→ **SUPPLIED INFORMATION**
* * * * * * *

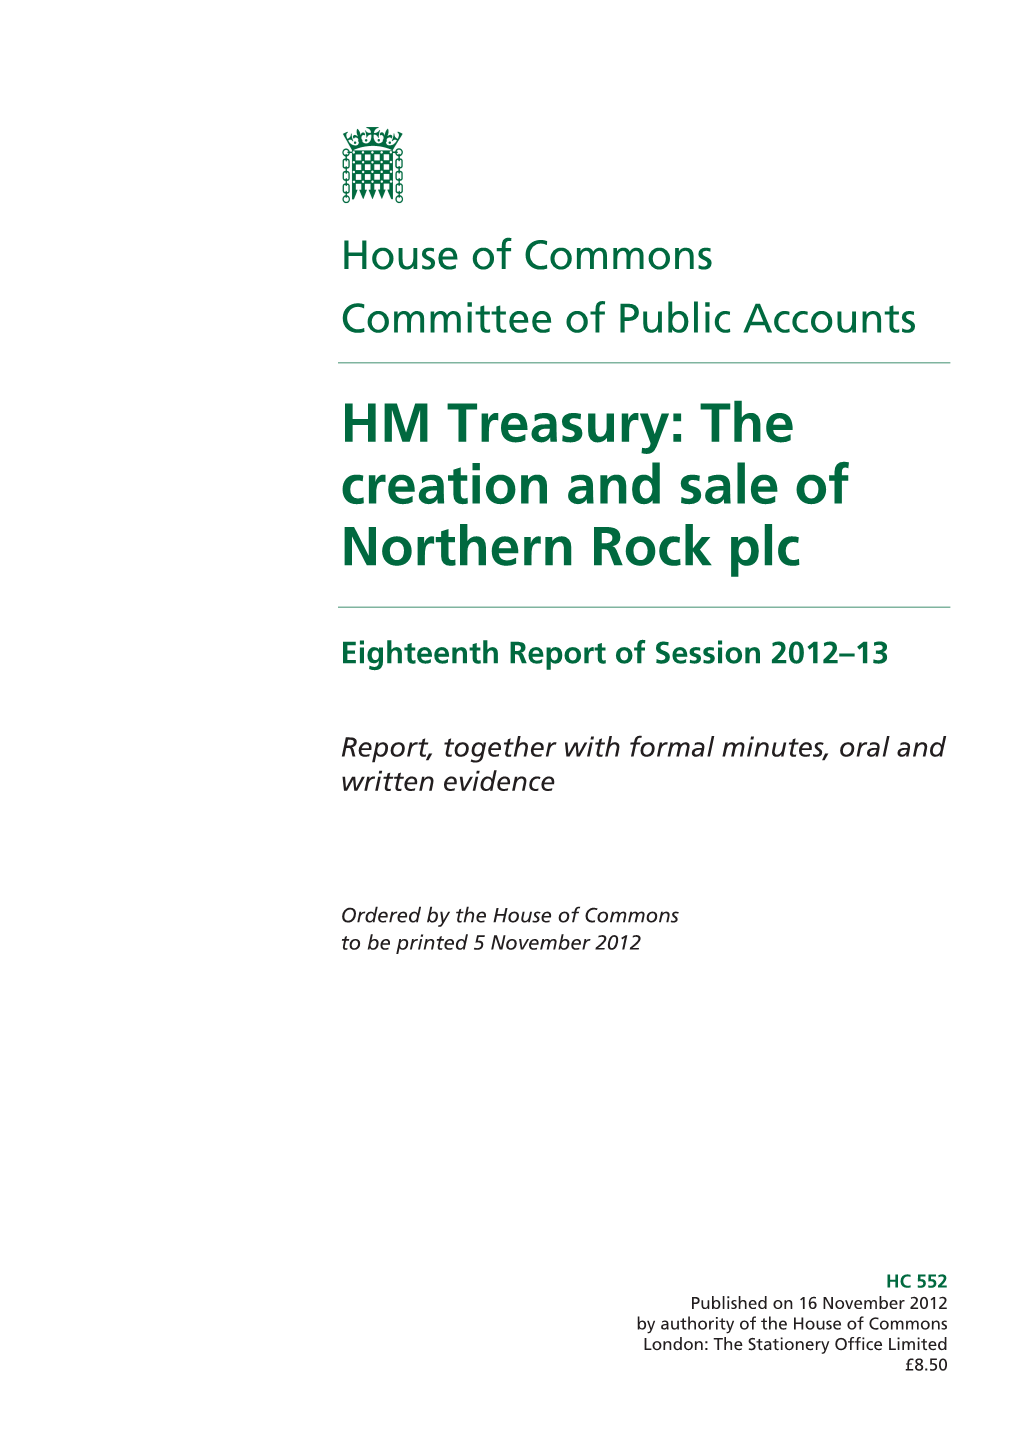 HM Treasury: the Creation and Sale of Northern Rock Plc
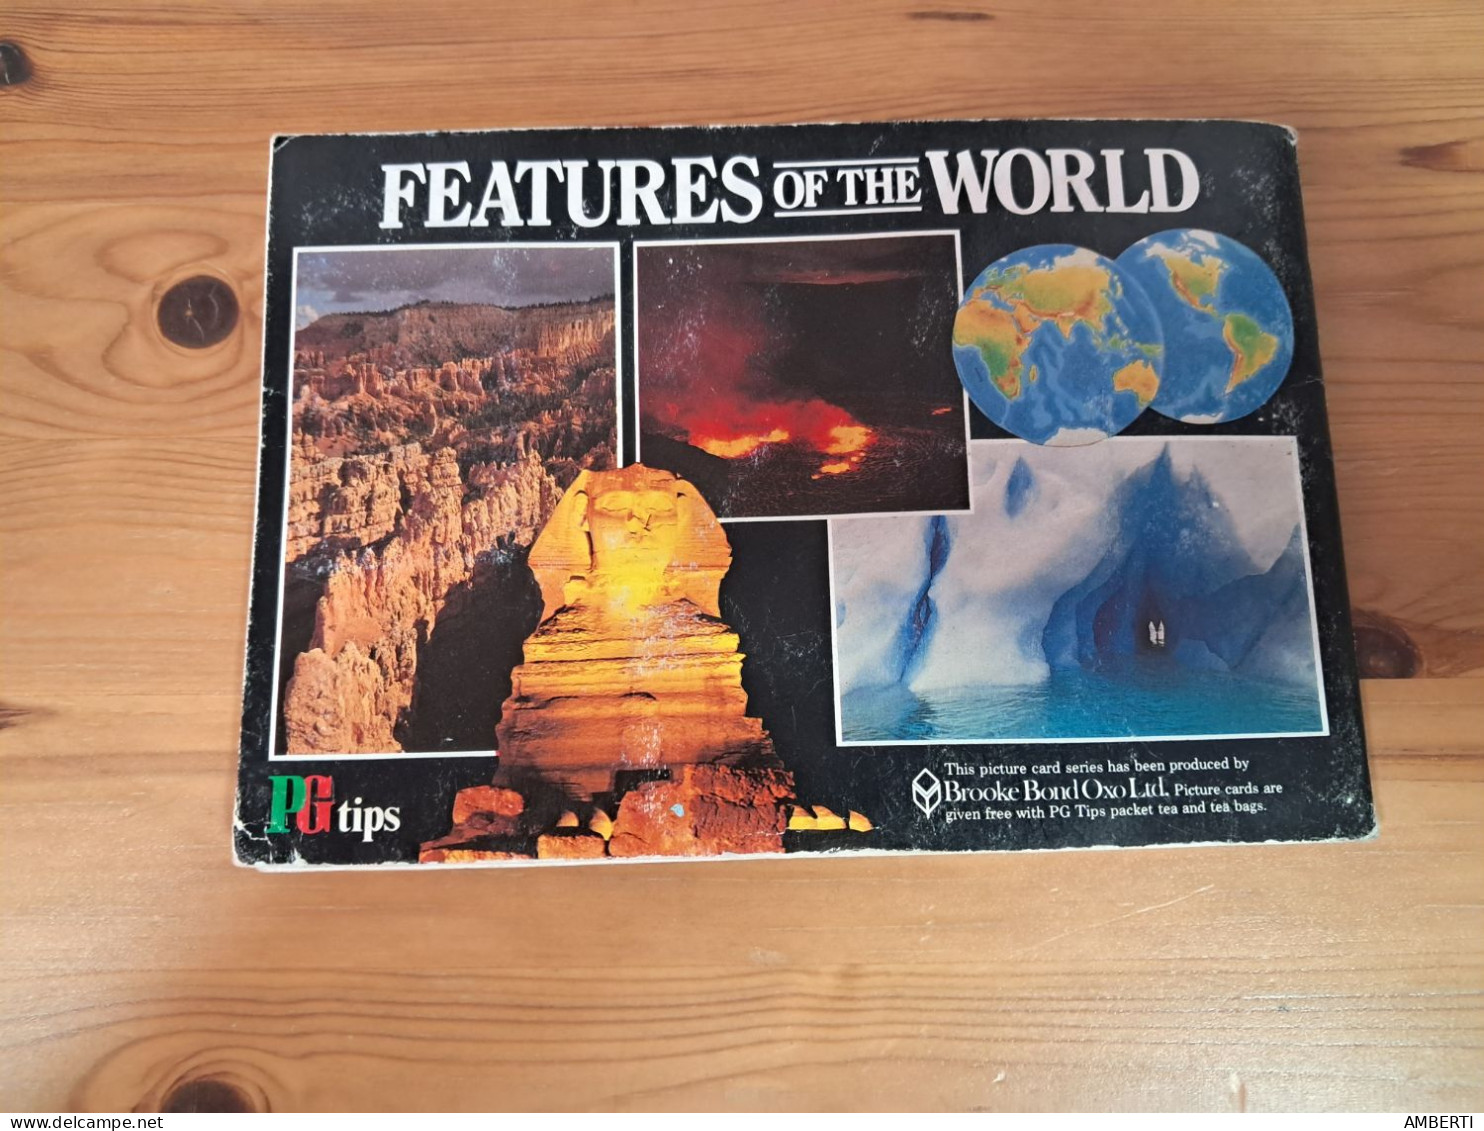 Features of the World
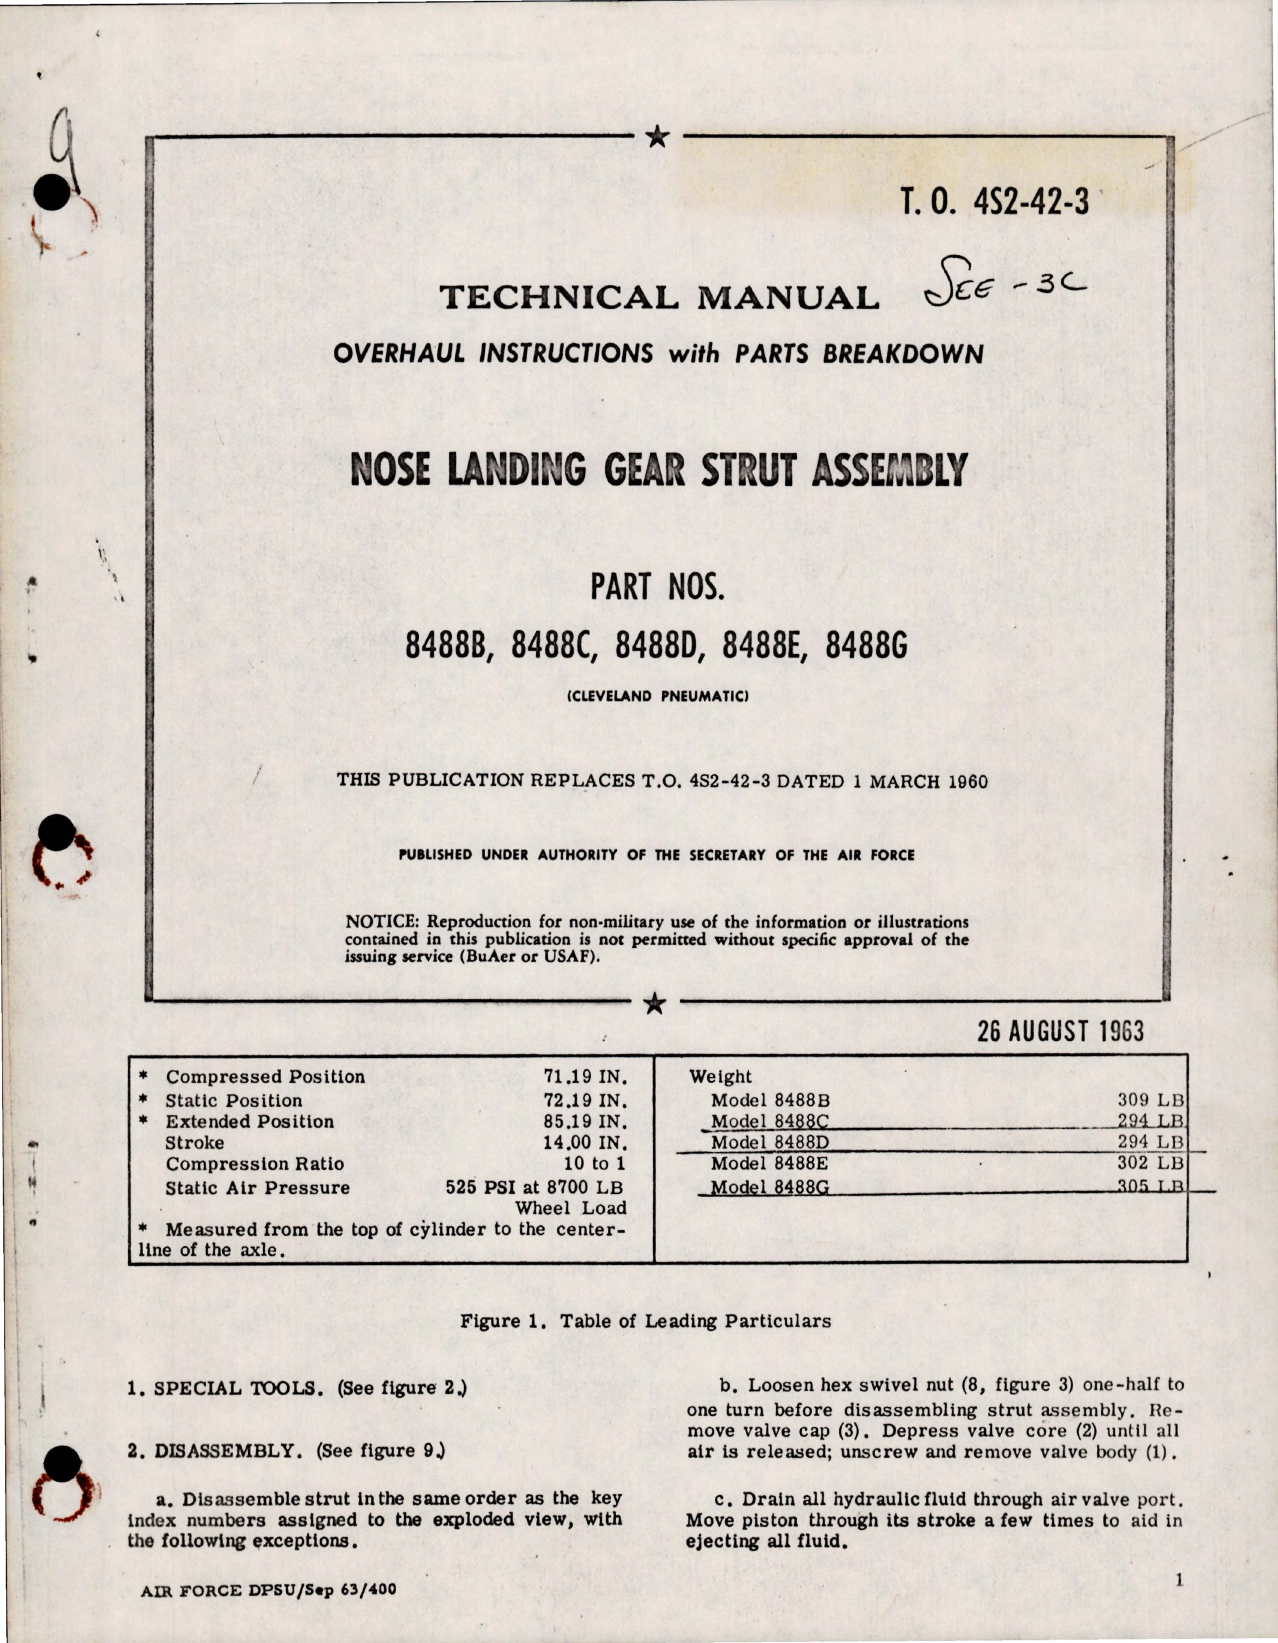 Sample page 1 from AirCorps Library document: Overhaul Instructions with Parts Breakdown for Nose Landing Gear Strut Assembly - Parts 8488B, 8488C, 8488D, 8488E, 8488G
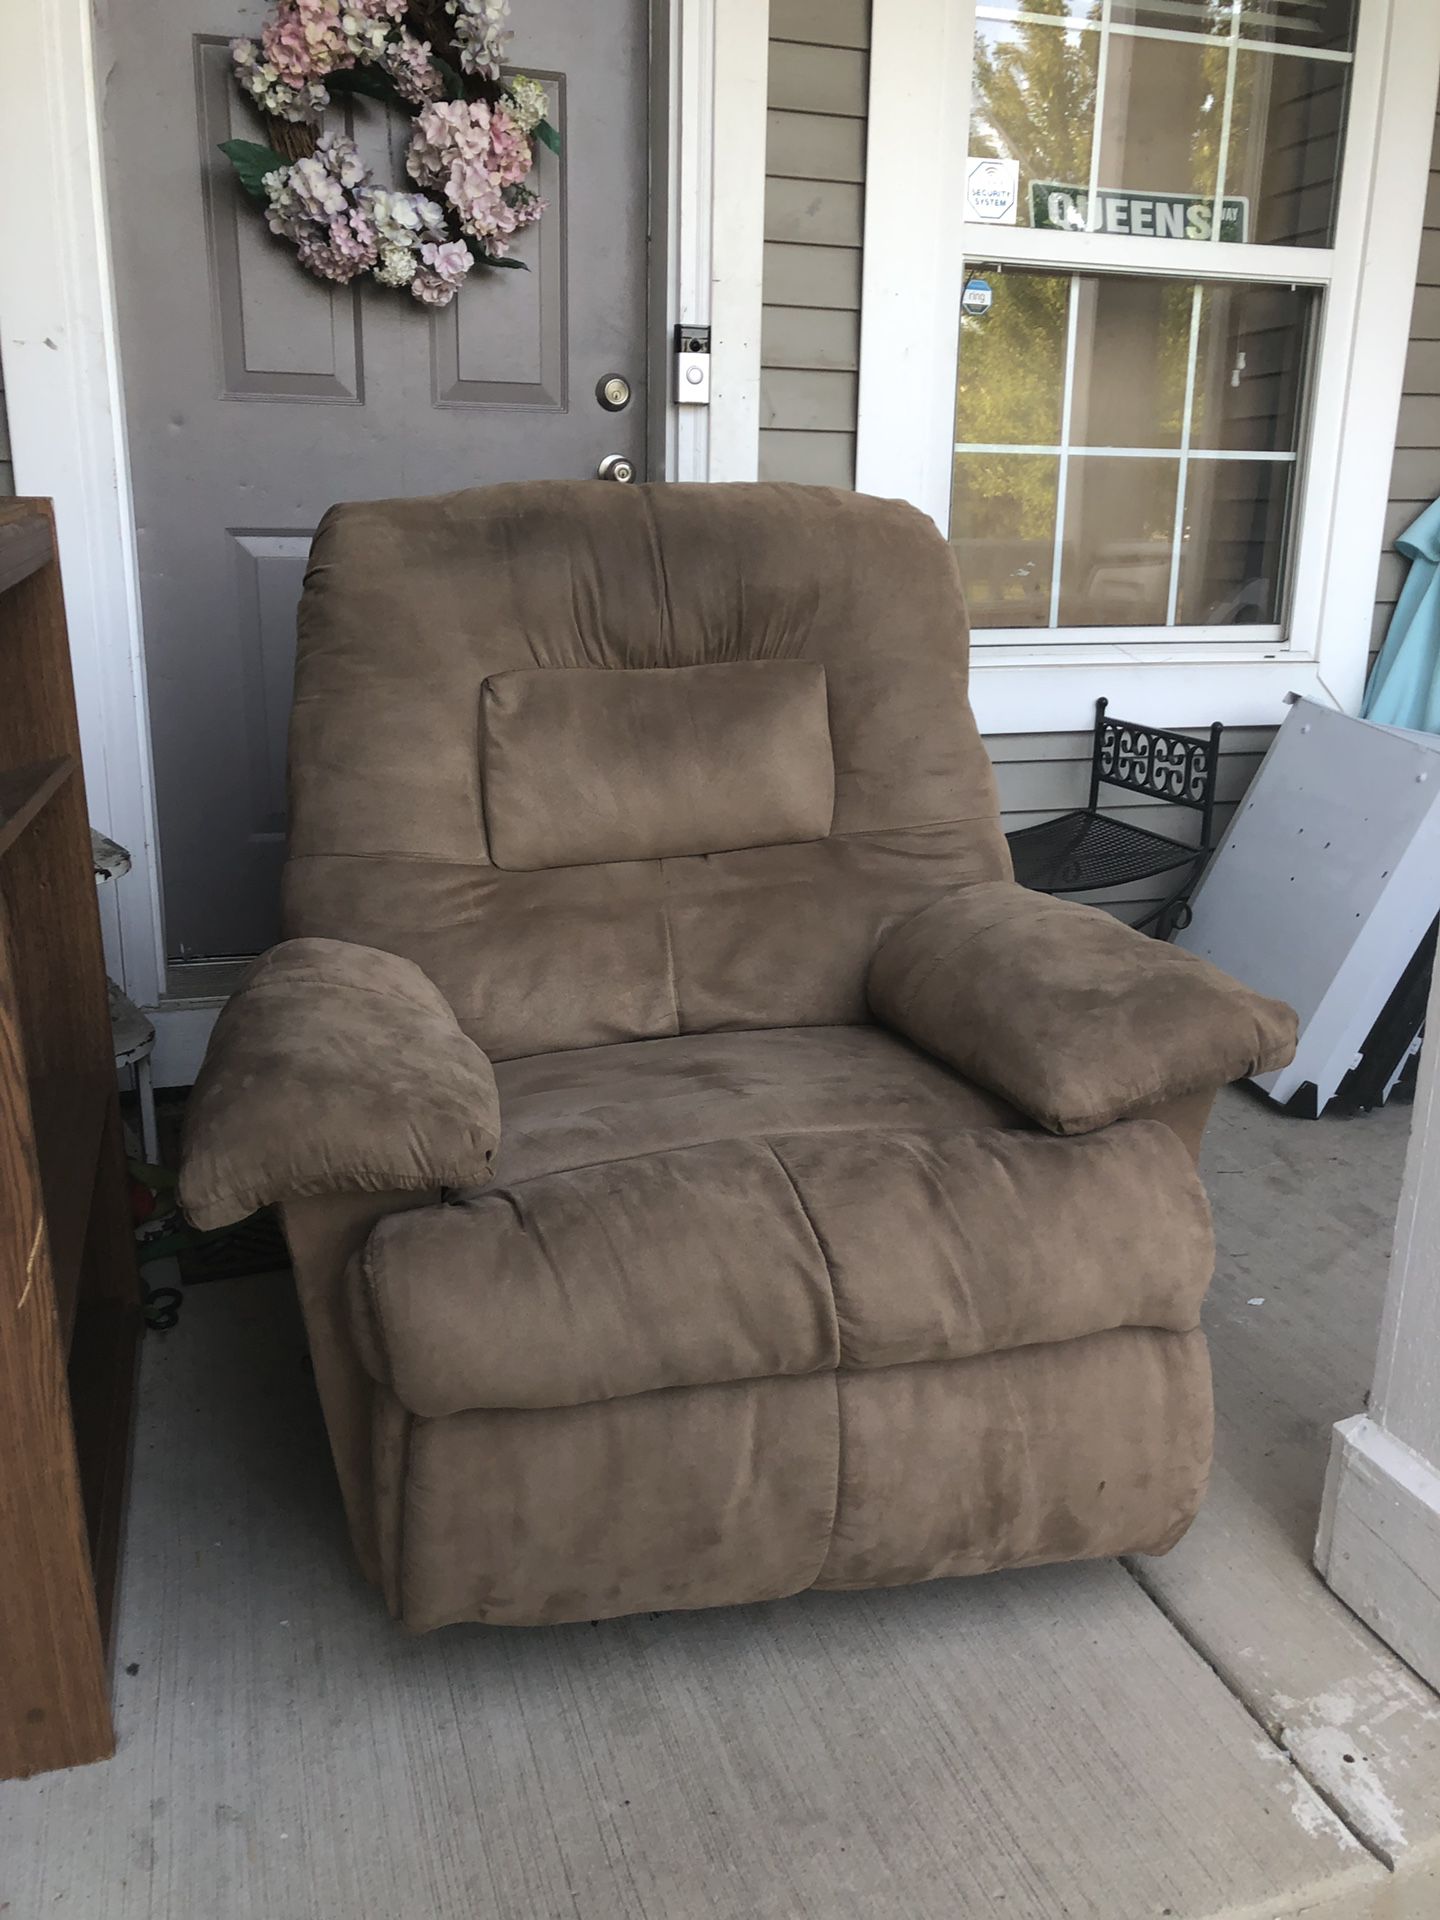 Lay-Z-Boy Reclining Oversized Large Plush Rocking Recliner Chair Brown Beige Holds 700lbs EXCELLENT CONDITION

* * * * * * *

→ **ACTION ITEM**
The expected output is the full data above, reproduced exactly with no images.

→ **REPLY TO THE EXERCISE**
 HM Treasury: the Creation and Sale of Northern Rock Plc
 Features of the World
 Sample page 1 from AirCorps Library document: Overhaul Instructions with Parts Breakdown for Nose Landing Gear Strut Assembly - Parts 8488B, 8488C, 8488D, 8488E, 8488G
 Lay-Z-Boy Reclining Oversized Large Plush Rocking Recliner Chair Brown Beige Holds 700lbs EXCELLENT CONDITION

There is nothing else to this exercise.